Excepted with permission of the publisher John Wiley & Sons, Inc., from My Life As A Quant: Reflections on Physics and Finance. Copyright © 2004 by Emanuel Derman. This book is available at all bookstores, online book sellers and from the Wiley web site at…, or call 1-800-CALL-WILEY

You can also purchase this book directly from?….

Hardcover: 304 pages

Publisher: John Wiley & Sons

Publication Date: September 17, 2004

ISBN: 0471394203

Chapter 10: Easy Travel to Other Planets

I had left Fischer’s office a little chastened by his sharp remarks about the names of the fields on my calculator, but in a few days he let me know that I could join him and Bill Toy in their effort to create a new bond options model. It was a singular opportunity that had a large and beneficial effect on my life.

That spring of 1986 I attended my first options conference, an annual event organized by Howard Baker, Menachem Brenner, and Dan Galai at the Amex. I was one of about a hundred participating quants, traders and academics, all of us actively involved in the field at a time when options meetings were still a rarity, before the conference for profit organizations like Risk magazine began to dominate the market and eventually put the Amex options conference out of business. I recall several presentations on new models for valuing bond options, one in particular by Rick Bookstaber, then at Morgan Stanley. You could sense a rising urgency, almost a race, to solve the problem. Fischer told Bill and me that Bob Merton was working on the same problem as a consultant for another investment bank.

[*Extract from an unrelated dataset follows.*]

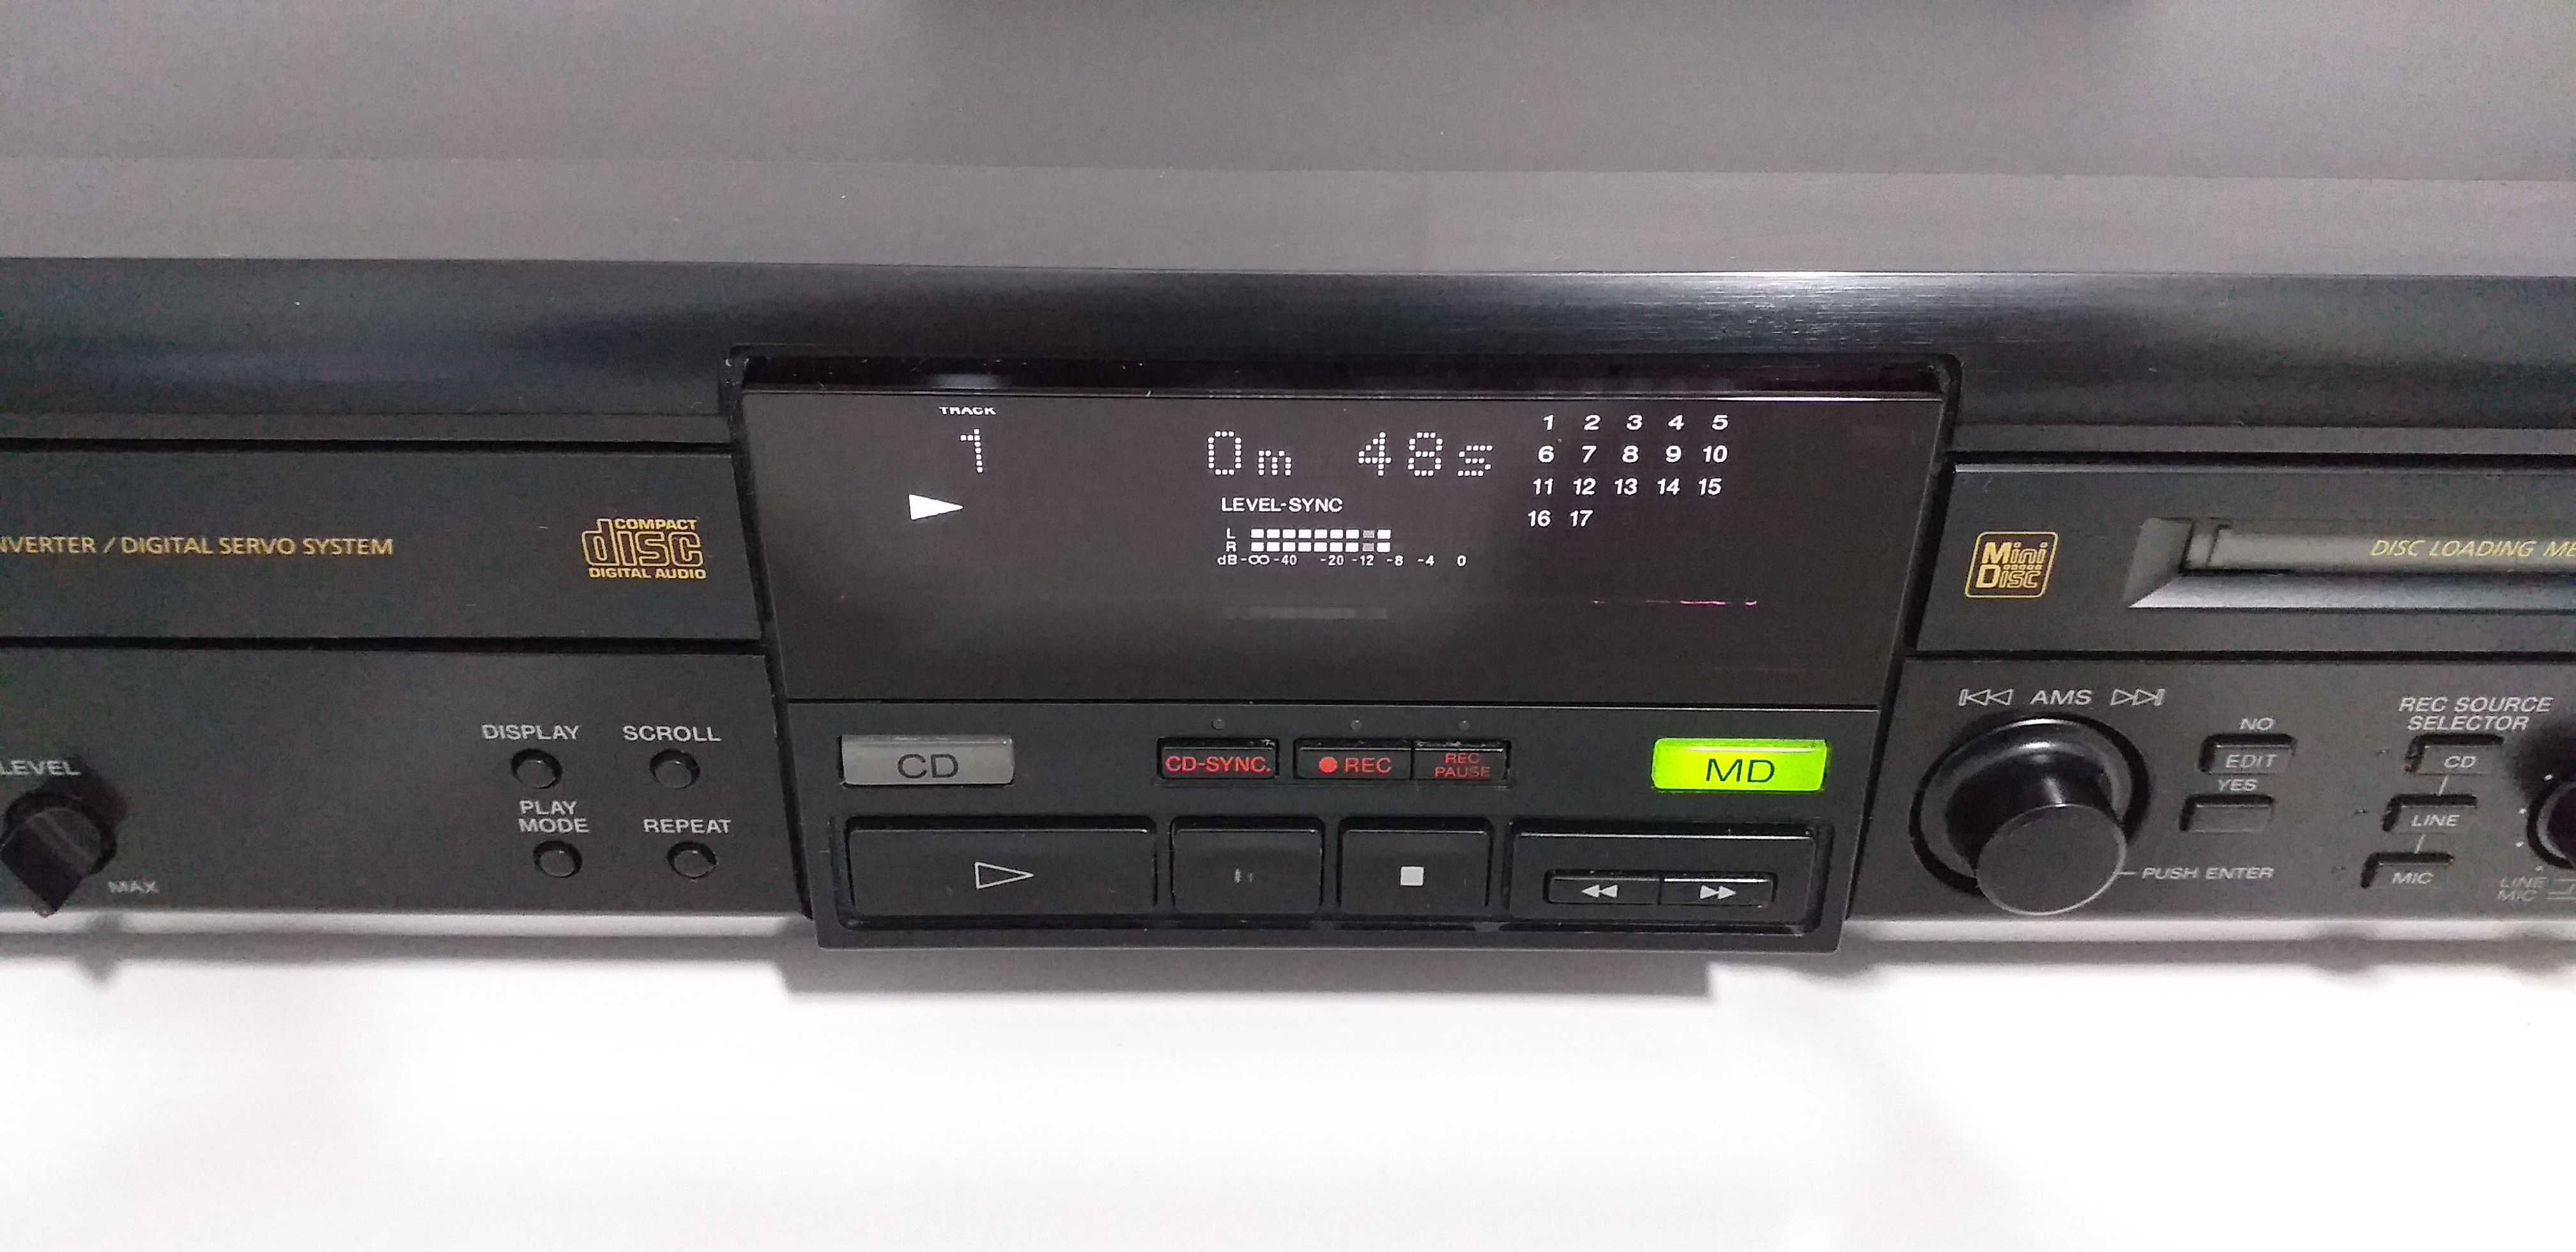 Minidisc CD SONY MXD-D1 cu telecomanda

The Goldman contingent at the conference had more than an academic interest-our traders were making daily markets in long-expiration options on long-dated bonds, precisely the domain where the contradictions in Ravi’s model were most severe. The traders were aware of their need for a better model, and as such were at the forefront of the impetus to replace it

FIGURE 10.3: Yield curves can vary during the day

We knew that we had to model the future behavior of all Treasury bonds, that is, the evolution of the entire yield curve. How to set about it was neither obvious nor easy. A stock price is a single number, and when you model its evolution, you project only one number into an uncertain future. In contrast, the yield curve is a continuum, a string or rubber band whose every point, at any instant, represents the yield of a bond with corresponding maturity. As time passes and bond prices change, the yield curve moves, as illustrated in Figure 10.3. To evolve the entire yield curve forward in time is a much more difficult task: Just as you cannot move the different points on a string completely independently of each other, because the string must stay connected, so bonds close to each other must stay connected, too.

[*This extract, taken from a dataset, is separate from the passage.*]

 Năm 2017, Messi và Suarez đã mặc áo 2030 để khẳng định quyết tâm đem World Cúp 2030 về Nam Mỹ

How, then, to project bond prices into the future? Fischer, Bill, and I were pragmatists. We were building a model for traders, and we wanted it to be simple, consistent, and reasonably realistic. Simple meant that only one random factor drove all changes. Consistent meant that it had to value all bonds in agreement with their current market prices; if it produced the wrong bond prices, it was pointless to use it to value options on those bonds. Finally, realistic meant that the model’s future yield curves should move through ranges similar to those experienced by actual yield curves.

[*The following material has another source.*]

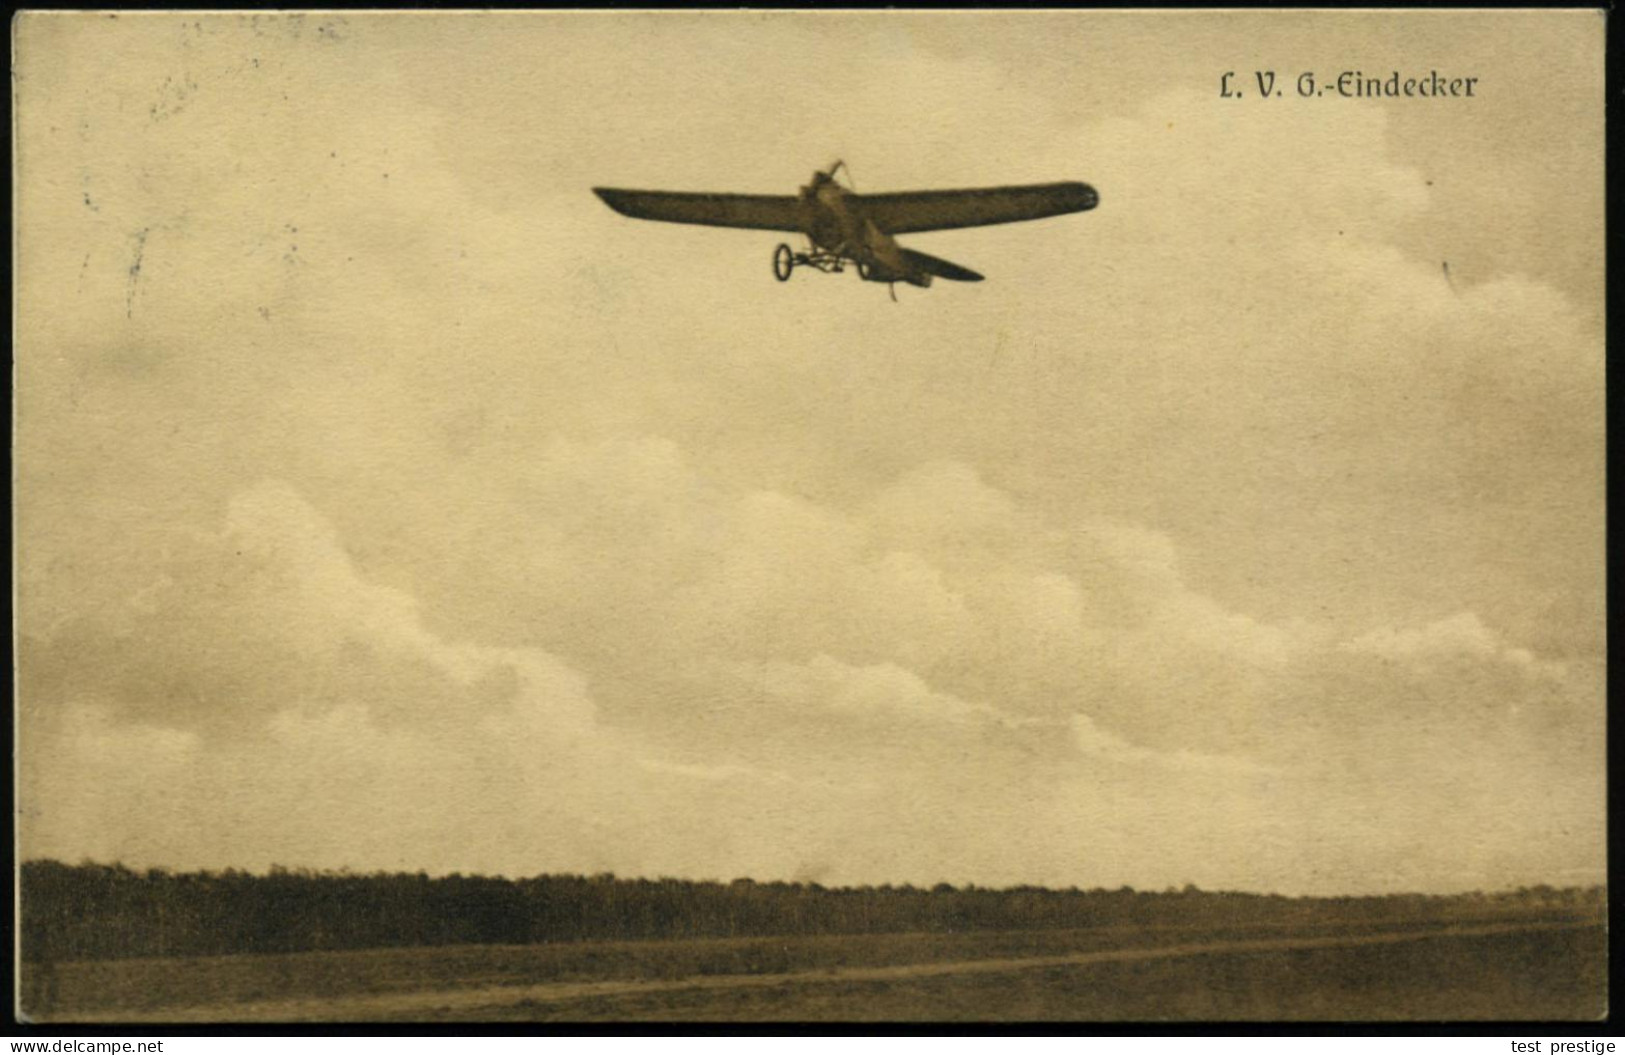 Berlin-Adlershof 1913/14 Korrespondenz eines Fliegers der "Vesuchsabteilung des Militär-Verkehrswesen" ,Flieger-Versuchs

When physicists build models, they often first resort to a toy representation of the world in which space and time are discrete and exist only at points on a lattice-it makes picturing the mathematics much easier. We built our model in the same vein. We imagined a world in which the shortest investment you could make lasted exactly one year, and was represented by the one-year Treasury bill interest rate. Longer term rates would then be a reflection of the market’s perception of the probable range of future short-term (that is, one-year) rates.

FIGURE 10.4: The Black-Derman-Toy model focuses on the distribution of future short-term rates. Here, each dot corresponds to a particular value of the future one-year rate. The more time passes, the greater the uncertainty of future rate.

In this spirit, we built a simple model of future one-year rates that resembled a discrete version of the stock price distributions. The initial one-year rate, as shown in Figure 10.4, was known from the current yield curve. As you looked further out into the future, rates could range over progressively wider values.

In order to complete our model, we now had to determine the range of future one-year rates at every year in the future. In our model, the key principle was to think of longer-term bonds as being generated by successive investments in short-term bonds. From this point of view, two years of interest is obtained by two successive one-year investments, the first at a known rate, the second at an uncertain one. The market’s price for a two-year bond today depends on its view of the distribution of future one-year rates. You can calculate the logical value of the current two-year bond yield, from the current one-year yield and the distribution of one-year rates one year hence. Similarly, you can calculate the volatility or uncertainty of the current two-year yield from the volatility of the distribution of one-year rates one year hence. Alternatively, working backwards, since the current two-year yield and its volatility is known from the market, you can deduce the distribution of one-year rates one-year hence, as shown in Figure 10.5.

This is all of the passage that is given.